Participants: Julyan Arbel, Florence Forbes.

Joint work with: Hien Nguyen, La Trobe University Melbourne Australia and Trung Tin Nguyen from University Caen Normandy.

A key ingredient in approximate Bayesian computation (ABC) procedures is the choice of a discrepancy that describes how different the simulated and observed data are, often based on a set of summary statistics when the data cannot be compared directly. Unless discrepancies and summaries are available from experts or prior knowledge, which seldom occurs, they have to be chosen and this can affect the approximations. Their choice is an active research topic, which has mainly considered data discrepancies requiring samples of observations or distances between summary statistics, to date. In this work, we introduce a preliminary learning step in which surrogate posteriors are built from finite Gaussian mixtures using an inverse regression approach. These surrogate posteriors are then used in place of summary statistics and compared using metrics between distributions in place of data discrepancies. Two such metrics are investigated, a standard L${}_{2}$ distance and an optimal transport-based distance. The whole procedure can be seen as an extension of the semi-automatic ABC framework to functional summary statistics. The resulting ABC quasi-posterior distribution is shown to converge to the true one, under standard conditions. Performance is illustrated on both synthetic and real data sets, where it is shown that our approach is particularly useful when the posterior is multimodal. Details can be found in 55.

### 6.1.7 Joint supervised classification and reconstruction of irregularly sampled satellite image times series

Participants: Alexandre Constantin, Stephane Girard.

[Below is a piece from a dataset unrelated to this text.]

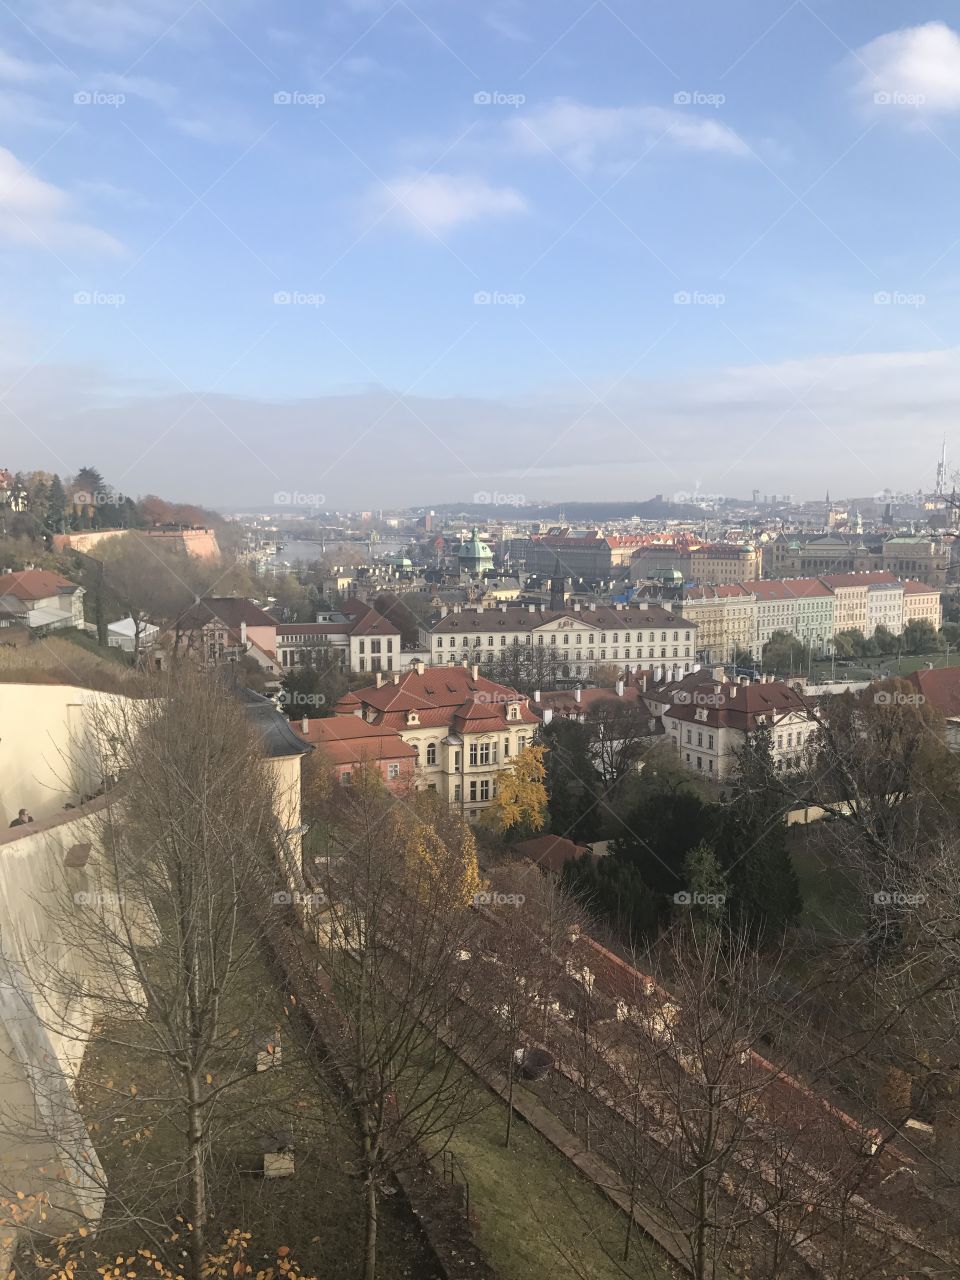 Amazon bag view of Praha city!

Joint work with: Mathieu Fauvel, INRAE

Recent satellite missions have led to a huge amount of earth observation data, most of them being freely available. In such a context, satellite image time series have been used to study land use and land cover information. However, optical time series, like Sentinel-2 or Landsat ones, are provided with an irregular time sampling for different spatial locations, and images may contain clouds and shadows. Thus, pre-processing techniques are usually required to properly classify such data. The proposed approach is able to deal with irregular temporal sampling and missing data directly in the classification process. It is based on Gaussian processes and allows to perform jointly the classification of the pixel labels as well as the reconstruction of the pixel time series. The method complexity scales linearly with the number of pixels, making it amenable in large scale scenarios. Experimental classification and reconstruction results show that the method does not compete yet with state of the art classifiers but yields reconstructions that are robust with respect to the presence of undetected clouds or shadows and does not require any temporal preprocessing 52.

## 6.2 Semi and non-parametric methods

### 6.2.1 Subtle anomaly detection in MRI brain scans: Application to biomarkers extraction in patients with de novo Parkinson's disease

Participants: Florence Forbes, Veronica Munoz Ramirez, Virgilio Kmetzsch Rosa E Silva.

Joint work with: Michel Dojat from Grenoble Institute of Neuroscience and Elena Mora from CHUGA.

With the advent of recent deep learning techniques, computerized methods for automatic lesion segmentation have reached performances comparable to those of medical practitioners. However, little attention has been paid to the detection of subtle physiological changes caused by evolutive pathologies such as neurodegenerative diseases. In this work, we investigated the ability of deep learning models to detect anomalies in magnetic resonance imaging (MRI) brain scans of recently diagnosed and untreated (de novo) patients with Parkinson's disease (PD). We evaluated two families of auto-encoders, fully convolutional and variational auto-encoders. The models were trained with diffusion tensor imaging (DTI) parameter maps of healthy controls. Then, reconstruction errors computed by the models in different brain regions allowed to classify controls and patients with ROC AUC up to 0.81. Moreover, the white matter and the subcortical structures, particularly the substantia nigra, were identified as the regions the most impacted by the disease, in accordance with the physio-pathology of PD. Our results suggest that deep learning-based anomaly detection models, even trained on a moderate number of images, are promising tools for extracting robust neuroimaging biomarkers of PD. Interestingly, such models can be seamlessly extended with additional quantitative MRI parameters and could provide new knowledge about the physio-pathology of neuro-degenerative diseases.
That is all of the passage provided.